C, Expression must be a modifiable lvalue (changing the value of a struct's member)

Question

I'm an extreme newbie, I'm just trying to learn.. this is my simple struct that I've created

struct Student{
char FirstName[20];
char LastName[20];
char StudentID[10];
char Password[20];}

Then I'm creating an array of pointers;

struct Student *StudentList[10];

I am then calling my "Register" function and passing the first element in the array as a parameter, for the reason of changing values to that specific struct element in the array, for example I want to change the student's details;

Register(&StudentList[0]);

Further on, my function;

void Register(struct Student *student);
void Register(struct Student *student) {student->FirstName = "John";}

This is a very simplified example and sorry for not being able to correctly paste in the code here.

But why am I getting an "expression must be a modifiable lvalue", when I try to assign a value.

Answer 1

You can't assign array types like that in C, and "John" is an array of type char[5].

strcpy(student->FirstName, "John");

would do it or, better still, something of the form

strncpy(student->FirstName, "John", 20);

so you avoid overrunning the char buffer.

Answer 2

The firstName field is an array, and arrays cannot be assigned to as a whole.
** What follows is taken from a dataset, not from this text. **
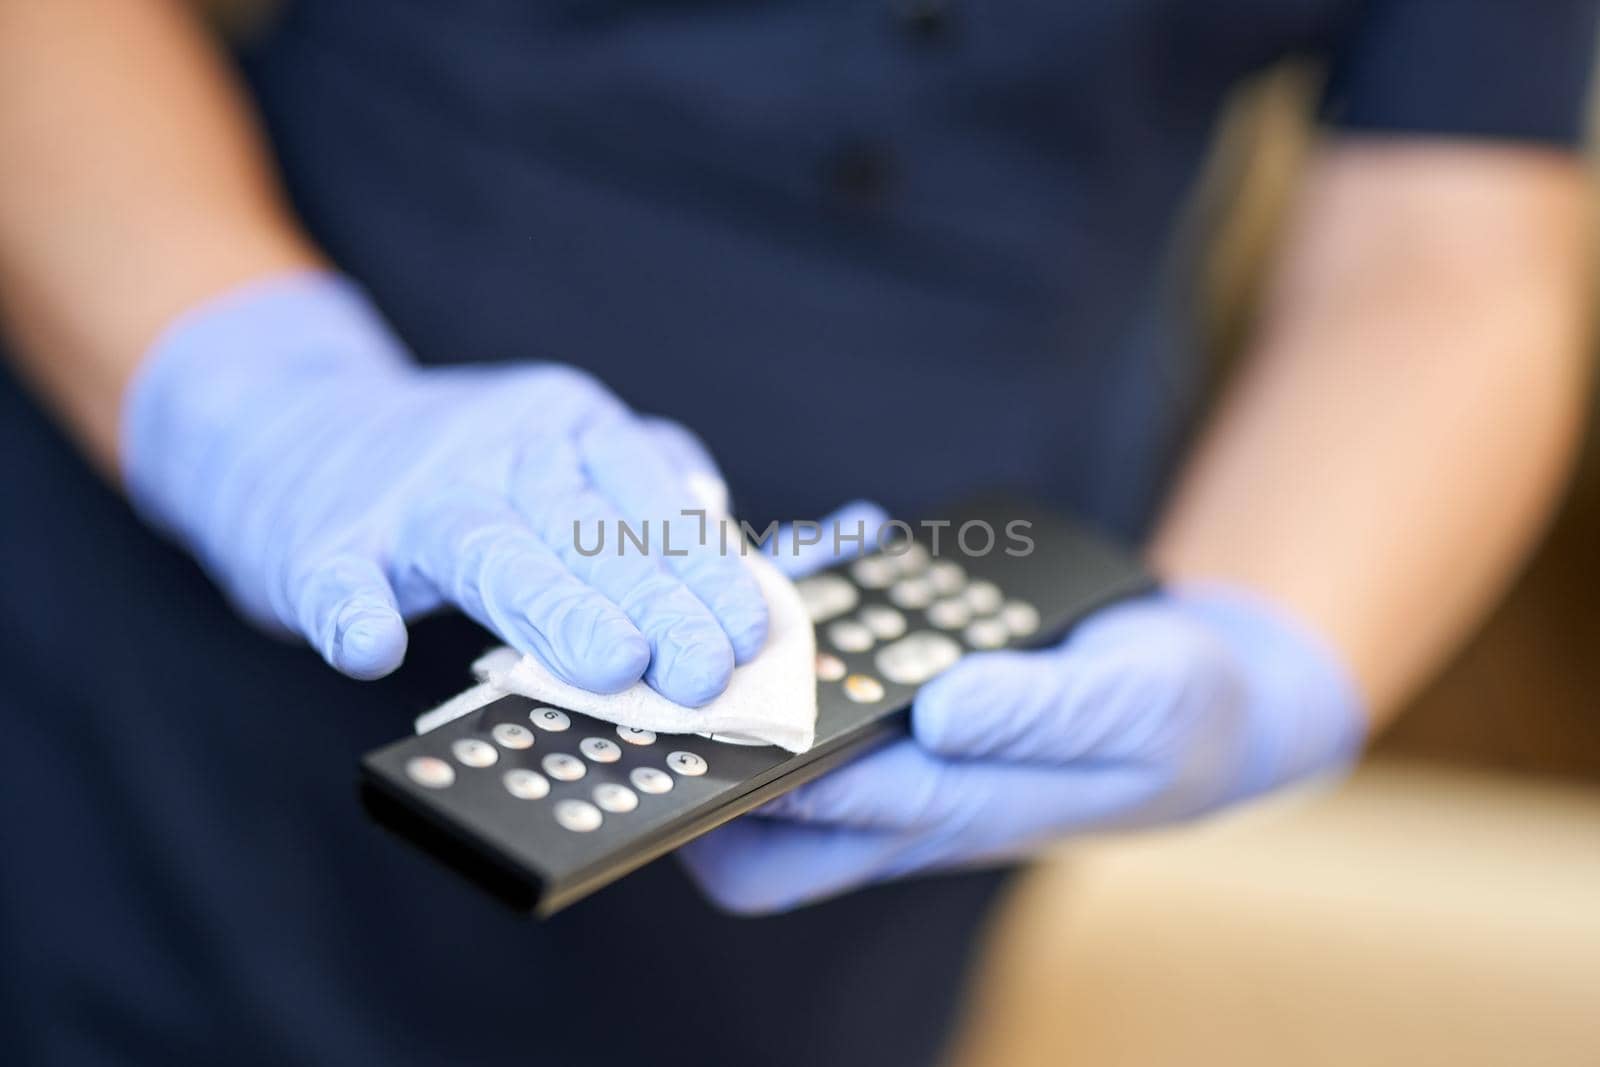 Chambermaid cleaning the room and wiping the remote by friendsstock

That's what the error message is telling you.

Since you're copying a string into this array, you should use strcpy:

strcpy(student->FirstName, "John");

Answer 3

In C, you do not set strings using = (and you do not compare them using == either).

You must use the strcpy function:

strcpy( student->firstName, "John" );

Answer 4

First thing you forget to put semicolon at the end of struct declaration struct Student { };

Secondly, you are passing &StudentList[0], instead just pass StudentList[0] and allocate memory dynamically for that first.
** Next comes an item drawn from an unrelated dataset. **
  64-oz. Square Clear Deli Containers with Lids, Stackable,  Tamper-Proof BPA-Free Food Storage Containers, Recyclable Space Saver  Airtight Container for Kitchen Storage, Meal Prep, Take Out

Finally, student->FirstName = "John"; because student->FirstName is one char buffer and "John" also one buffer so you can't do A = B where A and B both are char buffer, instead use strcpy(A,B);

Here is sample example

struct Student{
        char FirstName[20];
        char LastName[20];
        char StudentID[10];
        char Password[20];
}; /* you forget to put semicolon */
void Register(struct Student *student)  {
        strcpy(student->FirstName,"John"); /* use strcpy() */
        printf("%s\n",student->FirstName);
}
int main() {
        struct Student *StudentList[10];
        for(int index = 0;index < 10;index++) {
        StudentList[index] = malloc(sizeof(struct Student)); /* allocate memory for each Student */
        }
        Register(StudentList[0]);

        /* free the dynamically allocated memory */

        return 0;
}